:: Supplied material ::
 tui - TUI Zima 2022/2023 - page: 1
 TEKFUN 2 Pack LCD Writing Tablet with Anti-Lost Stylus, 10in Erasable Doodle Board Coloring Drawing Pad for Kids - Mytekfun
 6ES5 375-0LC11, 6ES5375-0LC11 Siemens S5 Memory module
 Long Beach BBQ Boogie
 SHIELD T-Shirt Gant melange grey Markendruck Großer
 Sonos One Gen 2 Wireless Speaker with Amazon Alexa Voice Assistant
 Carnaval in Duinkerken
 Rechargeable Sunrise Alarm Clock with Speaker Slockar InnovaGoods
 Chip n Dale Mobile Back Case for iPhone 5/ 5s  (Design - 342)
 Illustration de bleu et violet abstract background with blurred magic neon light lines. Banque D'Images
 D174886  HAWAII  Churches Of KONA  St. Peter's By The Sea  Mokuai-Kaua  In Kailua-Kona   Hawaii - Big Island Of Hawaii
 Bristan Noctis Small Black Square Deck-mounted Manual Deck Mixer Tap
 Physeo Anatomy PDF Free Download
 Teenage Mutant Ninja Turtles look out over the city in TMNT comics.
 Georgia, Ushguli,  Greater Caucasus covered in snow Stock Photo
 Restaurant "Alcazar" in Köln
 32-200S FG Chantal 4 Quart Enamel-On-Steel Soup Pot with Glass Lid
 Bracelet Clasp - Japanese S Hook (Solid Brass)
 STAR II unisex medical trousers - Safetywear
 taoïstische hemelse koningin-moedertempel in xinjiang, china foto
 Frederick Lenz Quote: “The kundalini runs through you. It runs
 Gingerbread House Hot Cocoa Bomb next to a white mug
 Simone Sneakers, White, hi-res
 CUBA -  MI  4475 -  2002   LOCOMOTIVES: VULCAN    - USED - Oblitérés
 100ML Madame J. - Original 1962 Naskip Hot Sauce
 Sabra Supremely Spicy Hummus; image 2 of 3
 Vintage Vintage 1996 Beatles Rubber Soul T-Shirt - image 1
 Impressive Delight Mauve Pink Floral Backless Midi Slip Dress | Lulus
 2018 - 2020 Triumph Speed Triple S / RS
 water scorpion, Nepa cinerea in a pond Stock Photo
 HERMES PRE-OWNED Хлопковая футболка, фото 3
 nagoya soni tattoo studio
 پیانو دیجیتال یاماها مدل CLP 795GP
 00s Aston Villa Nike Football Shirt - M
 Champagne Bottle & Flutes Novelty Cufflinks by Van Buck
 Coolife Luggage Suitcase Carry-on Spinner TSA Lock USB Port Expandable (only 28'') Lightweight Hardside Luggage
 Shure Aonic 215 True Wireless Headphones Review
:::
The reply should hold only the lines from the beginning of the listing above through the line with "SHIELD T-Shirt Gant", each one written exactly as it appears.

 tui - TUI Zima 2022/2023 - page: 1
 TEKFUN 2 Pack LCD Writing Tablet with Anti-Lost Stylus, 10in Erasable Doodle Board Coloring Drawing Pad for Kids - Mytekfun
 6ES5 375-0LC11, 6ES5375-0LC11 Siemens S5 Memory module
 Long Beach BBQ Boogie
 SHIELD T-Shirt Gant melange grey Markendruck Großer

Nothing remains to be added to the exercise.